The New York Times interviewed a "noticeably" thinner Bernie Madoff in prison and, wouldn't you know it, he said that "unidentified banks and hedge funds were somehow 'complicit' in his elaborate fraud," and also this:

"They had to know," Mr. Madoff said. "But the attitude was sort of, ‘If you're doing something wrong, we don't want to know.'"

The banks, of course, deny it:

To date, none of the major banks or hedge funds that did business with Mr. Madoff have been accused by federal prosecutors of knowingly investing in his Ponzi scheme. However, Mr. Picard in civil lawsuits has asserted that executives at some banks expressed suspicions for years, yet continued to do business with Mr. Madoff and steer their clients' money into his hands.

All the financial entities facing civil lawsuits by Madoff victims and Mr. Picard have denied they had any knowledge of the fraud.

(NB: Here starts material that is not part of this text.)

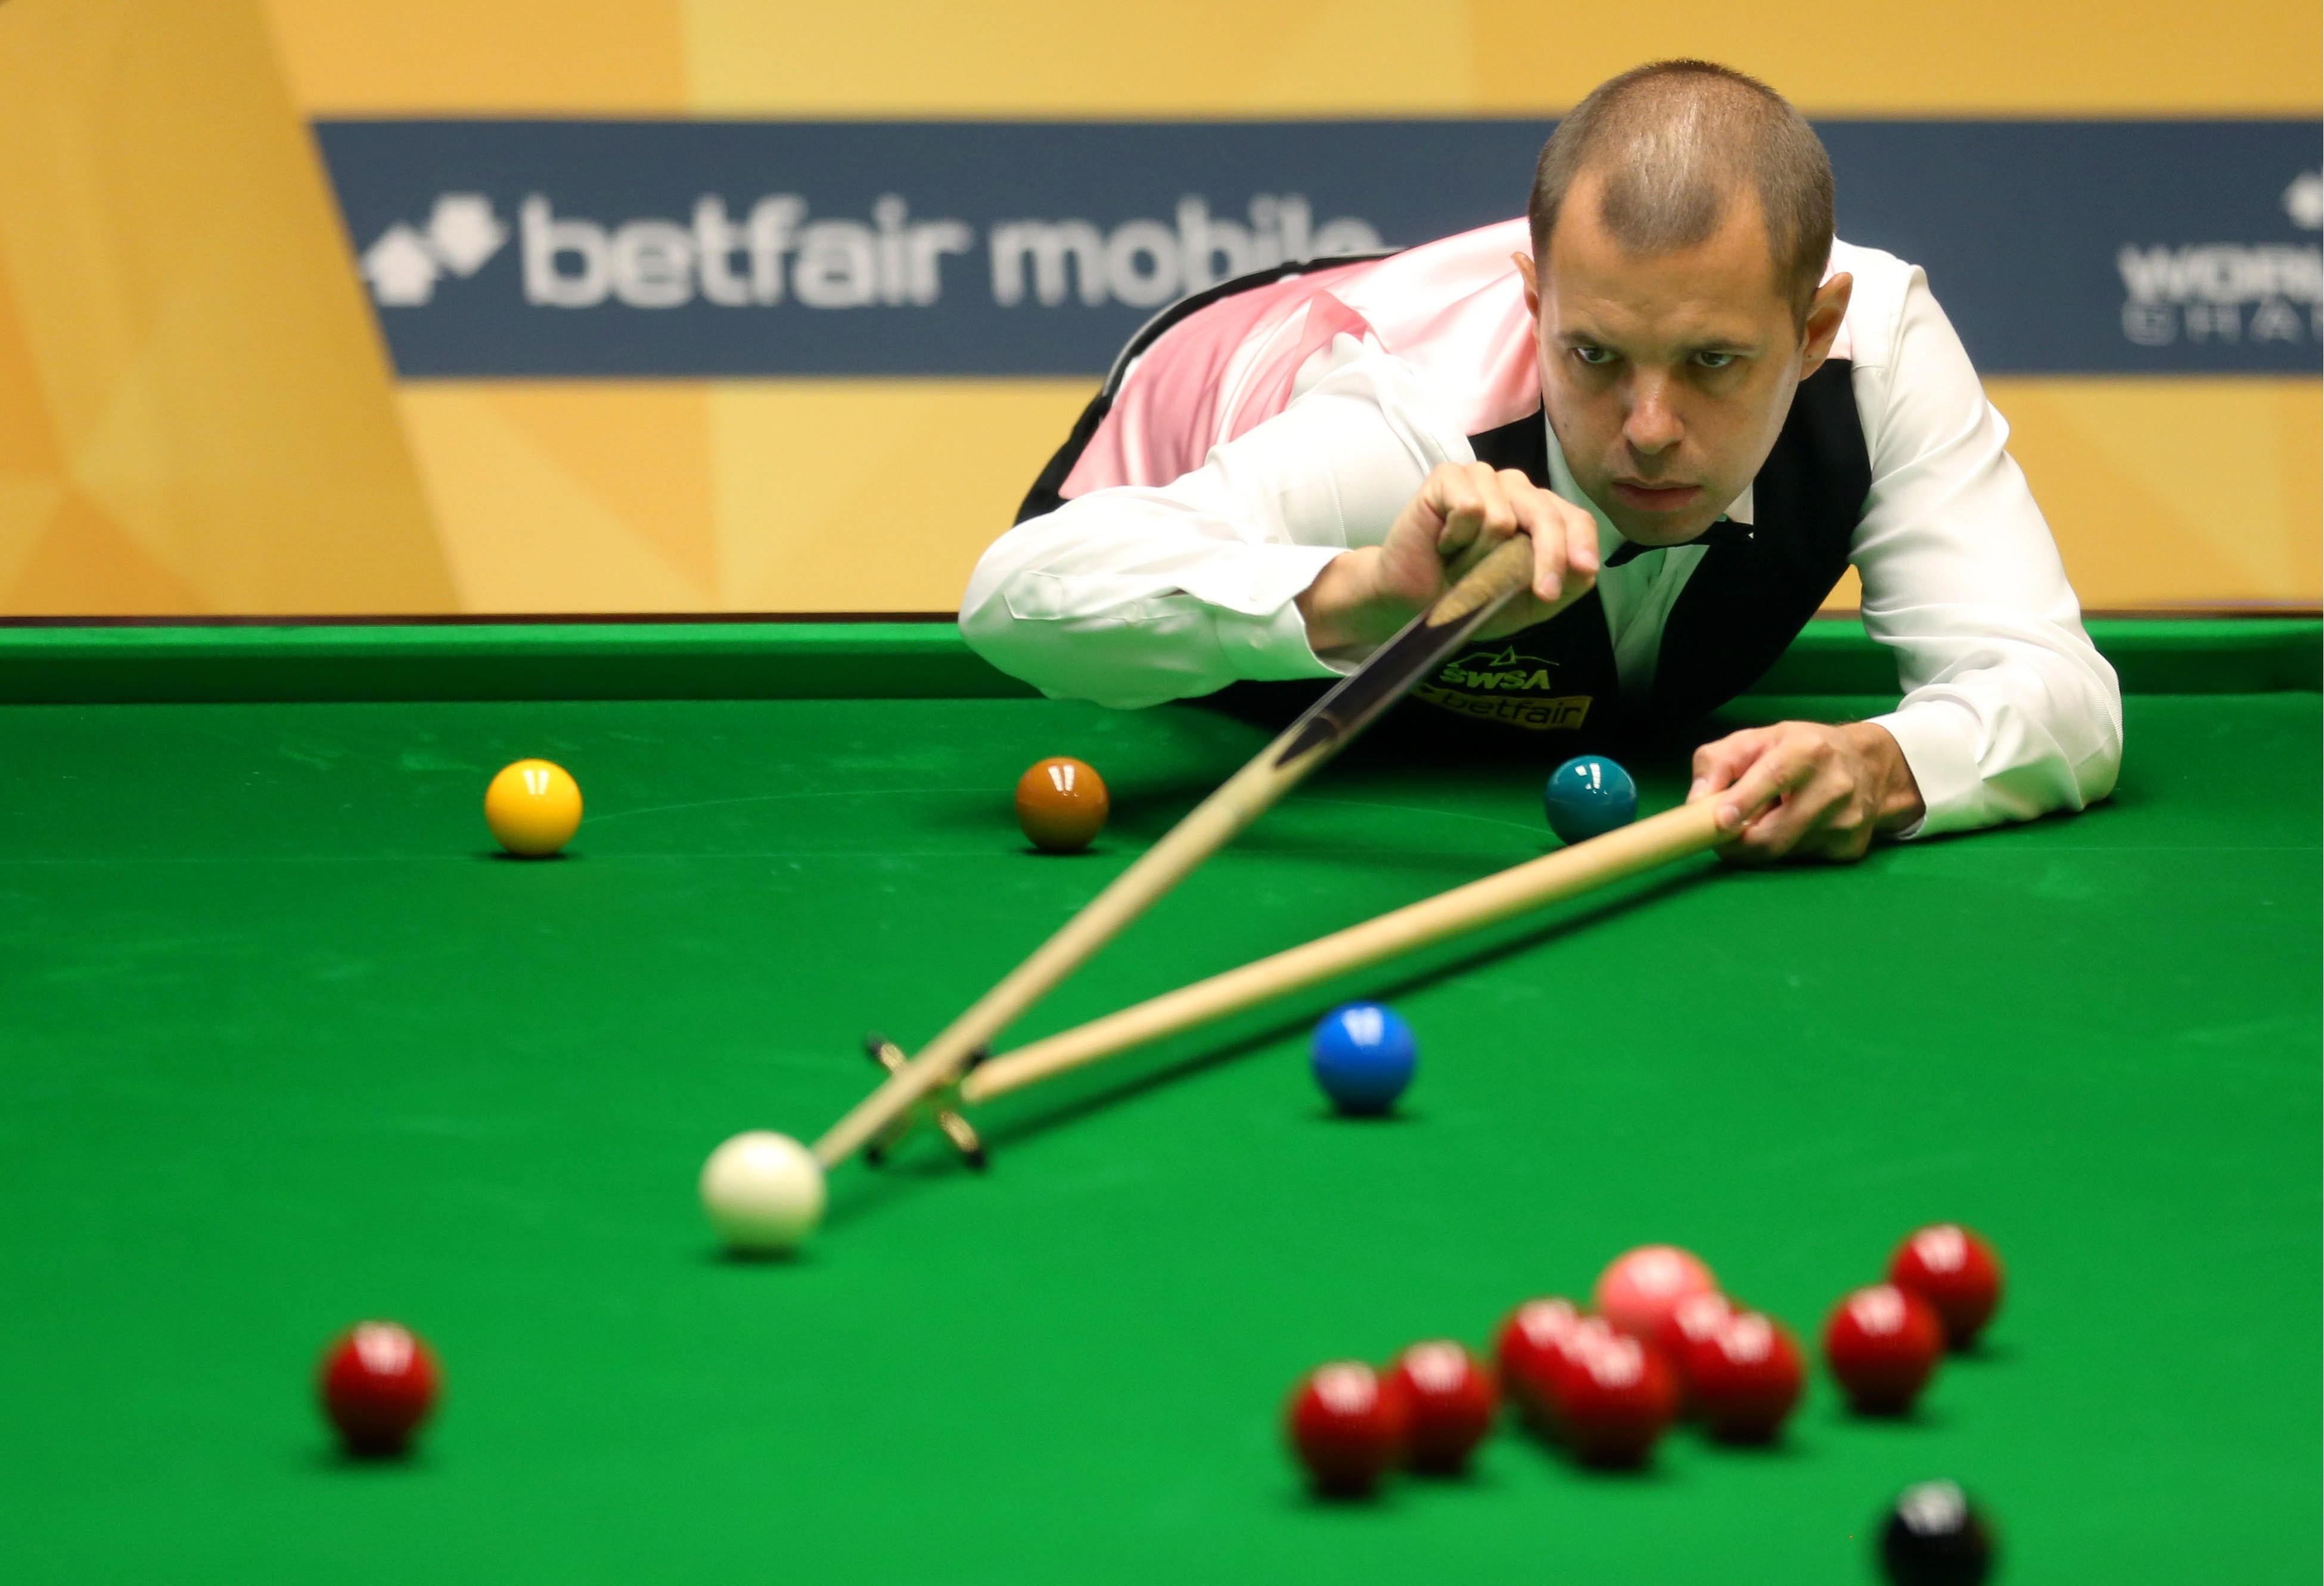 Betfair World Snooker Championship

Madoff's interlocutor, Diana Henriques (who's writing a book about Madoff for the Times' vanity press) sounds vaguely unconvinced by the guy's accusations, maybe because she (or her paper) doesn't want to come right out and say it, but, come on, duh, right? I mean, how could they not have known?

Sure, Madoff is the guilty one; he has no one to blame but himself; etc., but, really, any investment banker or hedge fund manager who was looking at his returns and didn't suspect something should probably not be in the business of dealing with large sums of money! Though, come to think of it, one thing the past five years have made clear is that very few investment bankers and hedge fund managers should be in the business of dealing with large sums of money, so maybe they actually could not spot a Ponzi scheme.